Now I have to take her back to the vet again because she is sneezing and snuffly and they also want to re-check her urine. I don't want to have to leave her there overnight again since I am convinced that whatever is causing the sneezing she picked up because she was kept at the vet overnight with other potentially sick cats.

Does anyone have any ideas?

Any help would be greatly appreciated.


----------



## Nini (May 6, 2007)

Maybe you could try luring her into the carrier instead of putting her in there? I usually put a handful of dry food at the very back of the carrier, and my cats just rush in to scarf it down. Make sure you clean the carrier thoroughly, so no pee smell from former expeditions is left inside - maybe you could use some puppy housebreaking pads in there?

Aside from trying to get her used to the carrier as not threatening, and luring her in with her favorite food, I don't really see how to calm her down, poor thing. One of my cats pees in the carrier systematically, every time the car engine starts... I guess it's just too stressful for some cats.

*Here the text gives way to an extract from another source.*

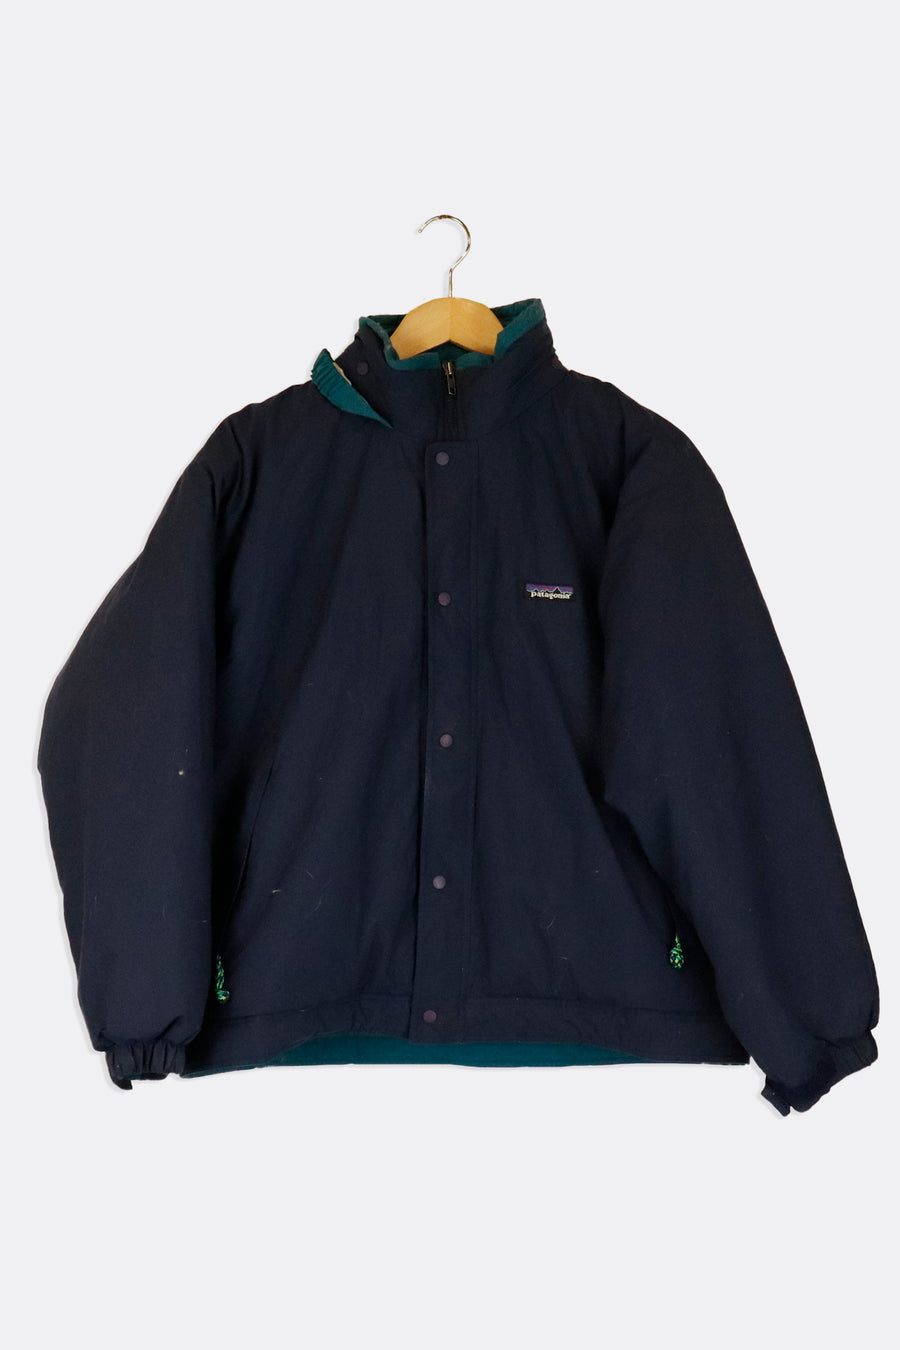 Vintage Patagonia Full Zip Removable Hood Full Zip Winter Jacket

Good luck, and keep us posted!


----------



## Taxcat (Nov 30, 2007)

Luckily she is typically finished by the time she gets to the carrier so none of the urine has made it into the carrier. I also keep her carrier lined with a towel that is cleaned after each use so she is comfortable when she does have to go in.

Unfortunately if she hears the carrier coming out she goes to hide and no amount of food or treats can lure her out of hiding. I can try again, but this trick hasn't fooled her before and she is a chow hound. 

Thanks.


----------



## Nini (May 6, 2007)

You could try leaving the carrier out in your living room, door open, with a little dry food in it. Just let it sit there day after day, so she can get used to its presence and NOT get stuffed in it to go to the dreaded vet's. After a while she should fear it less, and curiosity and greed might just encourage her to go explore and retrieve the food... I know a lot of cats who overcame their fear of the carrier that way, and ended up taking naps in it (mine included).


----------



## Kittys Mom (May 7, 2004)

So, it seems like the peeing is because she is SO freaked out. Maybe you could try this method? She won't see it coming, which may cut down on the amount of stress she experiences and maybe it'll keep her from peeing on the way to the vet. Of course, once she figures out what is going on, she may pee anyway...but it might be worth a try...

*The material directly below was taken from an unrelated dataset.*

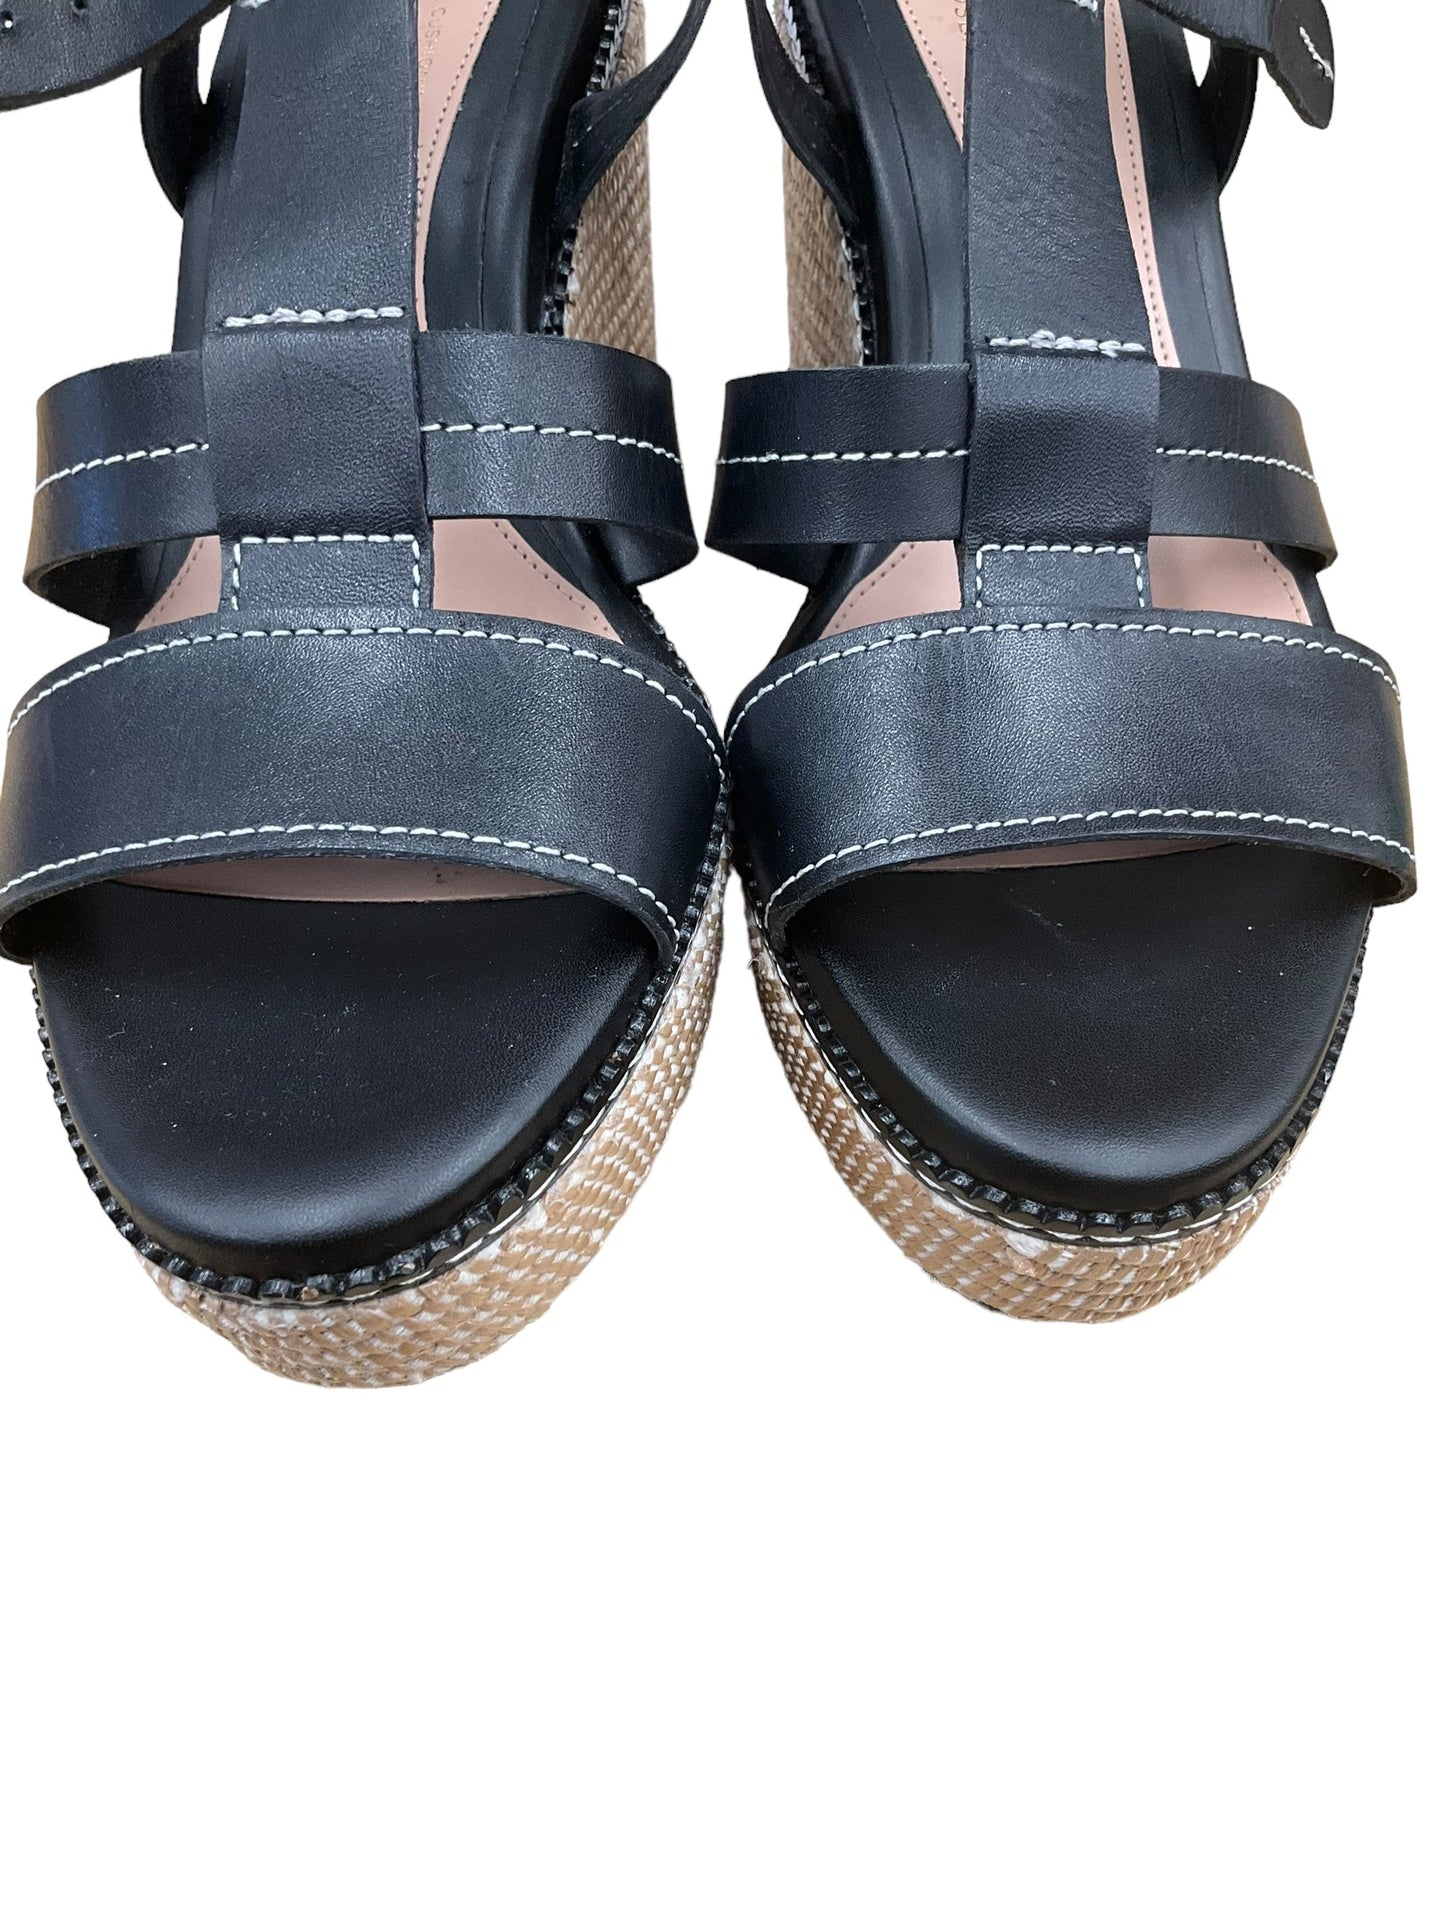 Black Sandals Heels Wedge Cole-haan, Size 8

To quote myself from another post...


> One handy transport method is this:
> Buy 2 identically sized laundry baskets (try to make sure that the handles won't get in the way).
> 
> Get some ties ready (I use cotton string).
> ...



I agree with others though in that after this visit, you may want to bring the carrier in the house and just keep it out in the open all the time. In order to desensitize her reaction to it. After a while, maybe next time you won't have a pee problem.


----------



## doodlebug (May 13, 2006)

Another alternative is to find a vet that makes house calls...little more expensive, but probably worth not having to deal with the peeing.

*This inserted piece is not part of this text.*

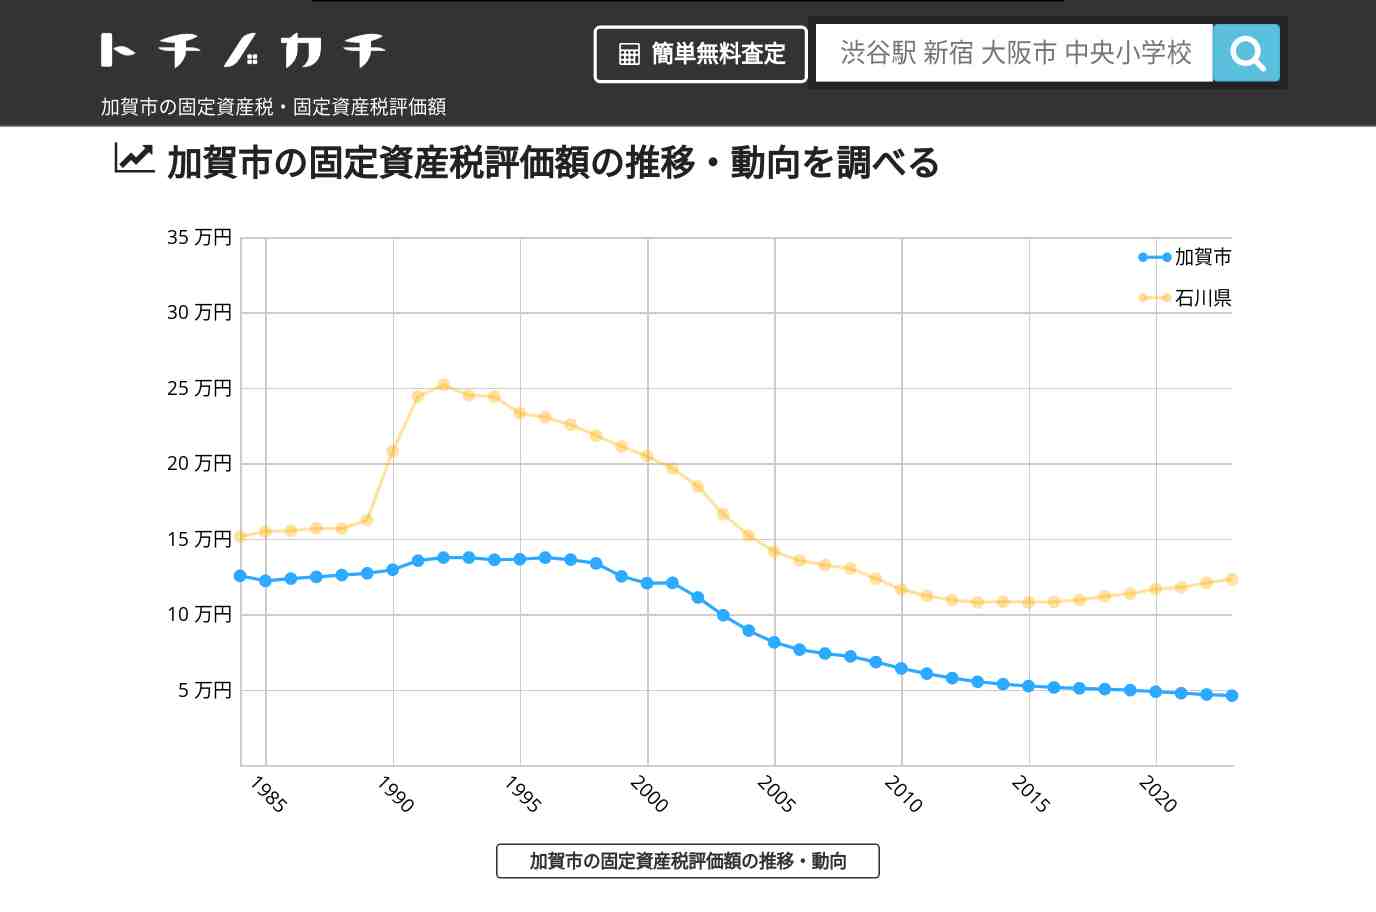 南郷小学校(石川県 加賀市)周辺の固定資産税・固定資産税評価額 | トチノカチ

Also, you might try giving her some Rescue Remedy a little while before trying to put her in the carrier. And spray the carrier with Feliway.


----------



## horseplaypen (Apr 1, 2004)

doodlebug said:


> Also, you might try giving her some Rescue Remedy a little while before trying to put her in the carrier.


I was going to suggest this too. Our cats pee in their carriers (because they don't like cars though, not because they don't like carriers) and they also pee when the groomers come to visit them. I just recently tried Rescue Remedy when the groomers came (haven't tried it for car rides yet) and no peeing! I can't say 100% that it was the Rescue Remedy and not a coincidence, but it's worth trying. If she lets you pick her up, before you take out the carrier maybe just give her some and see if it helps.


----------



## Heidi n Q (Nov 22, 2006)

I didn't have a pee-ing problem with the carriers. With one cat (Mister, rip) he would have a screaming, yowling, howling, hissing, growling fit complete with acrobatics. A scruff hold did nothing, just gave you a handle to hold him by. His mouth was making all kinds of racket and his teeth and claws were like ninjas in a fury.

It go to where we had to wrap him in a towel and stuff him in the carrier to protect ourselves. After we moved to GA, he would get curious about a carrier brought inside so I would place it on the floor and when he came near the opening, I'd open it. When he walked in, I'd quietly close it. 
Eventually, he got wise to that and stopped going in.

For the last few years of his life, I would put a harness/leash on him and he did just fine.

I would recommend wrappingkitty in a towel (completely, so she can't see where she is going) and placing her in a carrier. Leave the towel with her, if she pees, the towel will soak it up.


----------